**Supplied information**
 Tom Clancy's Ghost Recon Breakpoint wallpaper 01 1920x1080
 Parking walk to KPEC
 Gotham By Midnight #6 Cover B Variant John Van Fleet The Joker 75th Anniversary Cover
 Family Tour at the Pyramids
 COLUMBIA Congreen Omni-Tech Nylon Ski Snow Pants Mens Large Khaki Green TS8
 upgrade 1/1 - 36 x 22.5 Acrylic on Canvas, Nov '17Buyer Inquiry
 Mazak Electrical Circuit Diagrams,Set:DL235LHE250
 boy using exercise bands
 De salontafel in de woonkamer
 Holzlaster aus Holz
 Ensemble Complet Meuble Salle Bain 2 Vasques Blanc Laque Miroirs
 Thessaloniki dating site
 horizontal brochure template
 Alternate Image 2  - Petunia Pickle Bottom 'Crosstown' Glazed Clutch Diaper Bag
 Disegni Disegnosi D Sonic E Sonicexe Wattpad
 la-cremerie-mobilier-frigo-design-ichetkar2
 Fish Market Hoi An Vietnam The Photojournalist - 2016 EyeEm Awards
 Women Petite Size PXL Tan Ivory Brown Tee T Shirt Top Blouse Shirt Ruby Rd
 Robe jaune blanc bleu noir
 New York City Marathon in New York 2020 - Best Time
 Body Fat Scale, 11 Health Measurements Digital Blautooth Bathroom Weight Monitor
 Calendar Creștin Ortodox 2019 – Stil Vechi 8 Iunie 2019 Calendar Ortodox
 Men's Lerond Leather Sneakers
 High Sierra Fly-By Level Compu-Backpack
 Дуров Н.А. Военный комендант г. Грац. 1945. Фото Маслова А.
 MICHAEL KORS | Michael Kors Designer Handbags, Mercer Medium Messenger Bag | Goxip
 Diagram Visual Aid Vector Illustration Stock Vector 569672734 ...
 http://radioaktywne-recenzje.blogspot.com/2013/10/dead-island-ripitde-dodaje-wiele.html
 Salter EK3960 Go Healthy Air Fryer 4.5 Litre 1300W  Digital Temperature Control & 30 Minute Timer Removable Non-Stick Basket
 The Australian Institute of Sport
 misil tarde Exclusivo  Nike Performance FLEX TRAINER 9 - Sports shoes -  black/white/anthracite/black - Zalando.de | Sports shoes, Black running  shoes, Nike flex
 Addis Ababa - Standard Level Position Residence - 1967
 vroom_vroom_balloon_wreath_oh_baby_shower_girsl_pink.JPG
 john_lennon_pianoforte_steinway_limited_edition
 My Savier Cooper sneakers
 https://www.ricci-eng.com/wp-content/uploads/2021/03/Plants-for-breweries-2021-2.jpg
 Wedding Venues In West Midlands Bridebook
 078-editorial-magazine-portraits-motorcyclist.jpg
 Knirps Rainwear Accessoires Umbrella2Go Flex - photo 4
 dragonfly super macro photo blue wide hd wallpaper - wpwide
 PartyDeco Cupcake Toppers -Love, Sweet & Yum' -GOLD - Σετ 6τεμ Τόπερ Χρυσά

**Instructions to follow**
All that belongs in the answer is the run of lines above from the line containing "The Australian Institute of Sport" through the line containing "My Savier Cooper sneakers", exactly as written.

**Written solution**
 The Australian Institute of Sport
 misil tarde Exclusivo  Nike Performance FLEX TRAINER 9 - Sports shoes -  black/white/anthracite/black - Zalando.de | Sports shoes, Black running  shoes, Nike flex
 Addis Ababa - Standard Level Position Residence - 1967
 vroom_vroom_balloon_wreath_oh_baby_shower_girsl_pink.JPG
 john_lennon_pianoforte_steinway_limited_edition
 My Savier Cooper sneakers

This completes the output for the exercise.